I don’t have much to do for the moment, so I am considering why I should feel grateful. For one thing, I can stand for quire a while, which makes it possible for me to stand in line in the first place. I am shopping, not only for myself, but also for a friend who needs knee surgery. She can’t stand in line. Another thing – a lot of folks are out of work and have had their businesses shut down and have no money. Once the grocery store opens, I can buy what I need. Others are not able to do so.
I can see, smell and taste the food I can prepare with the groceries I buy. I have a kitchen to cook the food in. I have a table, a chair, silverware, plates. Once I think about it, I have so much. I really have a lot to be grateful for. It’s good practice to keep reminding myself of this, because I keep thinking about how much I don’t like to stand in line.
During this health crisis, the Priory still welcomes food donations. You can contact the Priory to see what is needed and then drop off the food or other donations on the Priory’s porch.
Charity is one of the four wisdoms and demonstrates the Bodhisattva’s aspiration. Deep appreciation and gratitude is offered to all those who contribute their spiritual practice, money, time, energy, and various gifts to the Priory. The generosity of the entire Priory Sangha is what makes it possible for the Priory to exist and for the Dharma to be freely offered to whomever is interested.
In recent months, we have been given many generous gifts, including a large beautiful white ceramic Avaolitesvara statue, face masks, flowers, garden plants, books, cat food, kitty litter, toilet paper, tissues, paper towels, dish detergent and cleaning supplies.
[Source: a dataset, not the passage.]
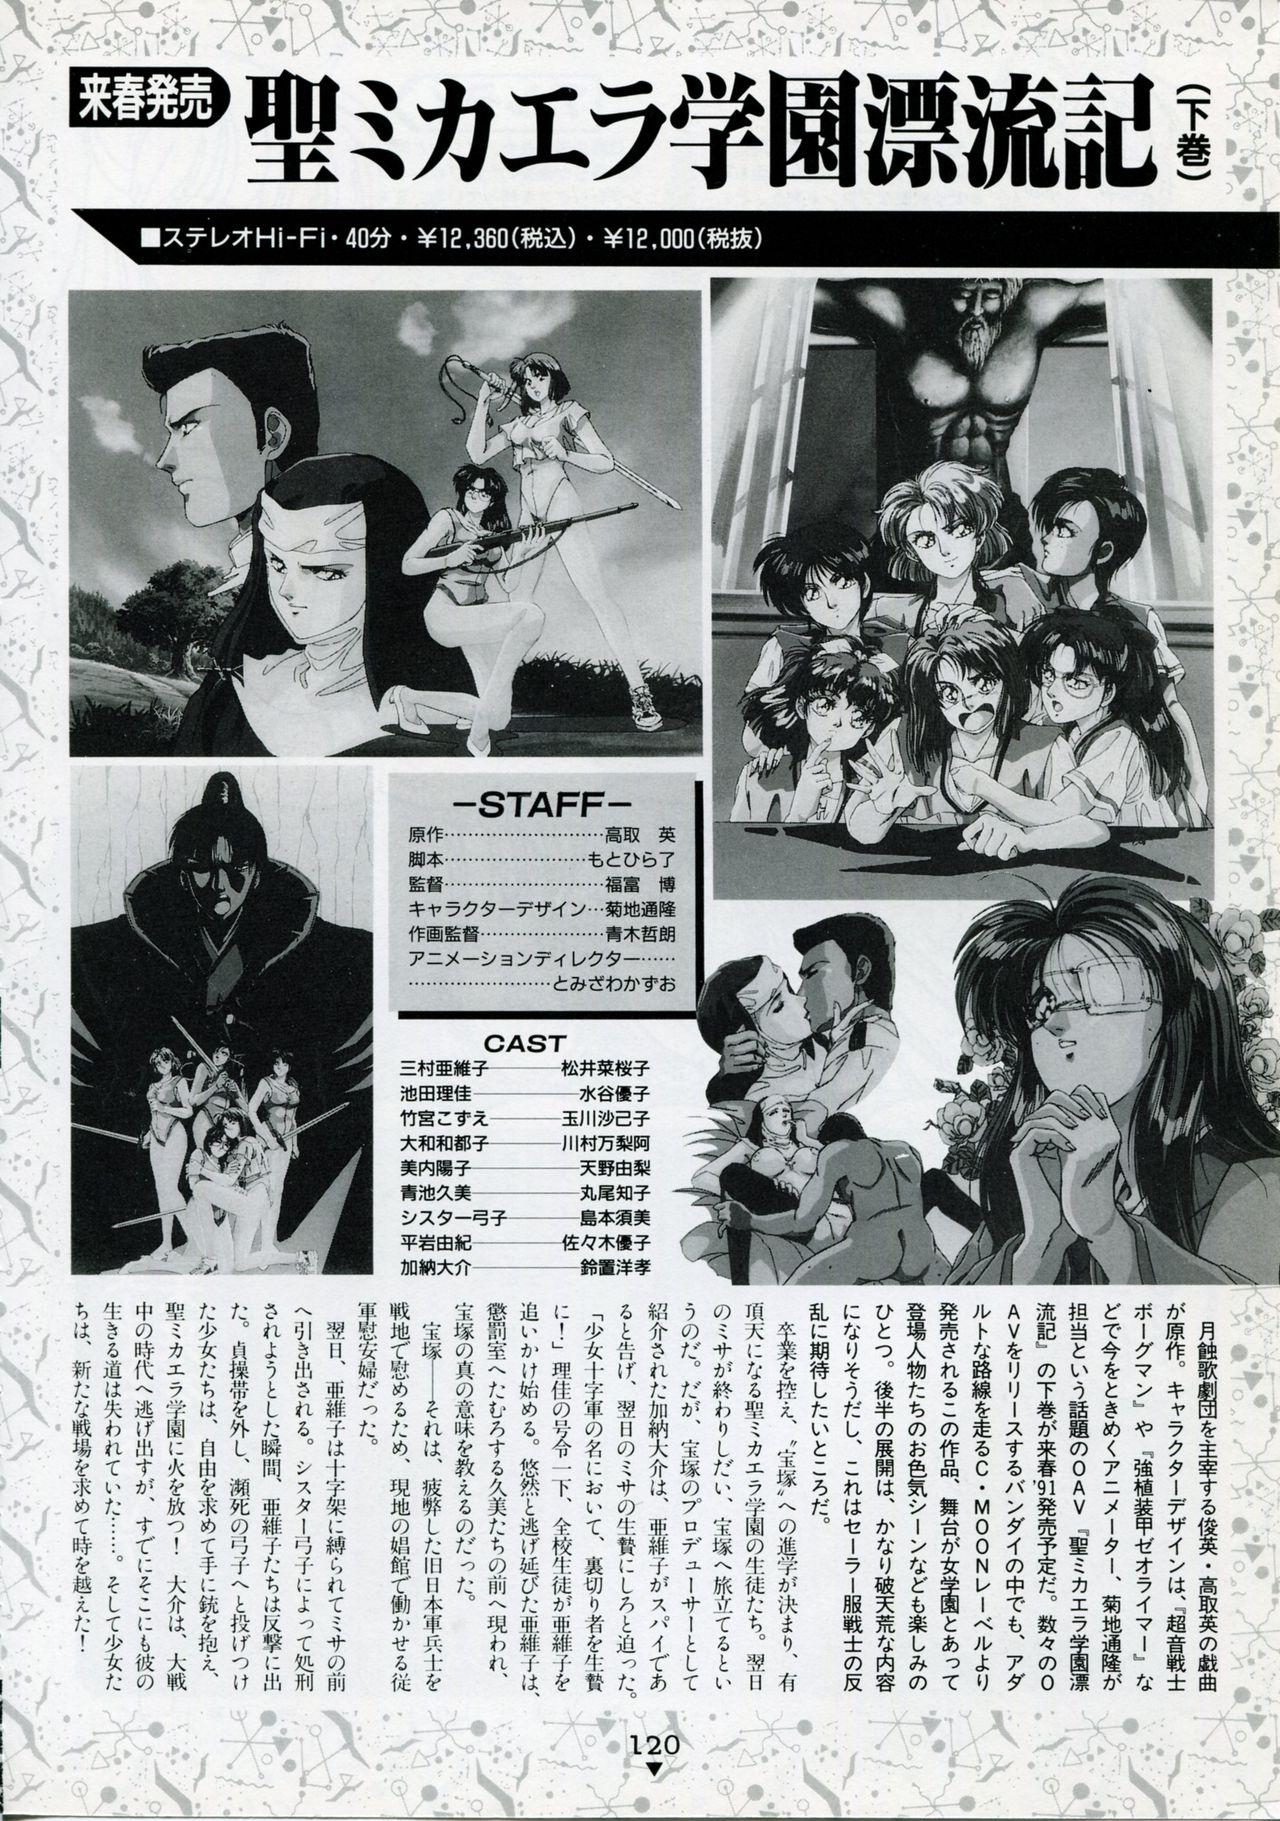 Bishoujo Anime Daizenshuu - Adult Animation Video Catalog 1991 115

During the past few months we have been given food donations of many prepared meals, various vegetables and fruit, soy milk, almond milk, oat milk, eggs, tofu, breakfast cereal, oats, soups, rice, vegetarian burgers, vegetarian meats, cheese, beans, soups, salads, bread, coffee, herbal and black teas, fruit juice, nuts, various chips, fruit preserves, chocolates, cookies, candy, pies, and cakes. You are always welcome to check with the Priory on what foods are currently needed.
Funerals and Memorials
Tobi Zausner’s has funeral services for two cats who had been deceased for awhile, Lilliel and Jack Hanniel. Since Tobi was in New York, we shared the service via video conferencing.
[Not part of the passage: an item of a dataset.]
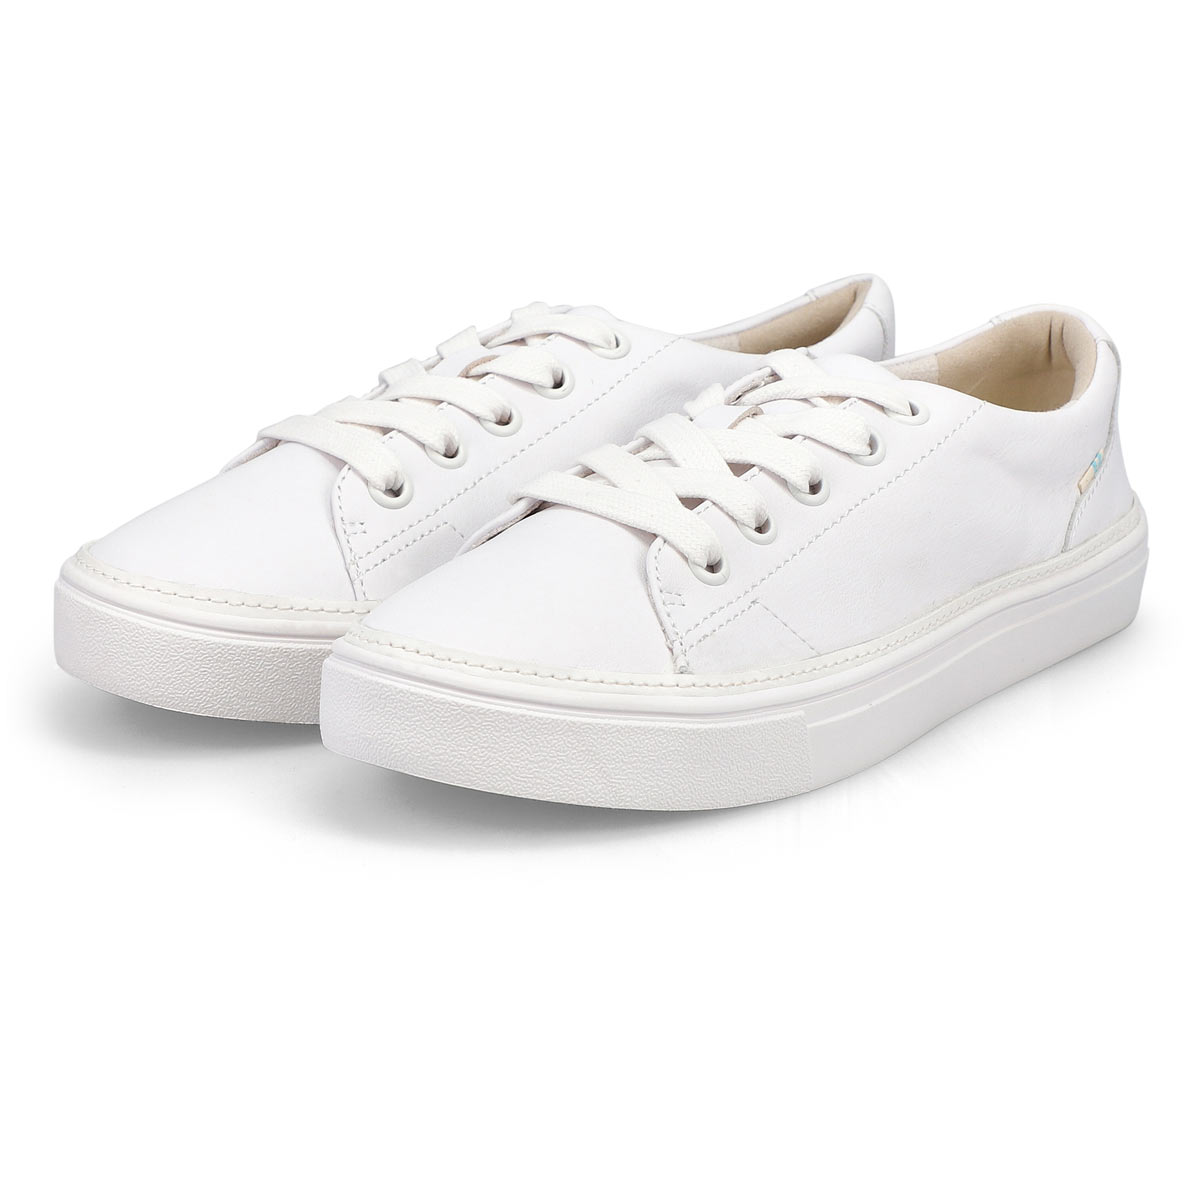 TOMS Women's Alex Sneaker - White Leather | SoftMoc.com

Mary Gray lost two animals in January. We held a funeral for her cat, Freddie, on January 10 and a funeral for her dog, Mattie, on January 28.
We held a memorial for Ikue Pollak on February 28, at the Center for Spiritual Enlightenment in San Jose.
Despite the Covid-19, Rev. Kinrei is available by phone to discuss your spiritual practice and to help you to better apply the Dharma to your life. Taking refuge in a senior member of the Sangha is an important aid in gaining a better perspective and deeper insight into our spiritual life. It is also helpful in learning to cultivate openness and trust. You are welcome to contact the Priory and arrange a time to talk with Rev. Kinrei.
Priory Support and Membership
There are no fees for participating in meditation, Dharma talks, Buddhist services, retreats, spiritual counseling or any other services the Priory offers. We are supported by the donations of our congregation and friends. All gifts of any kind, whether money or materials or labor, are deeply appreciated.
One of the best ways to help the Priory is to make the commitment to be a Priory member. What this involves is making a pledge to contribute a certain amount of money to the Priory each month. There is no set or recommended amount as we leave it up to each individual to offer what he or she feels is appropriate.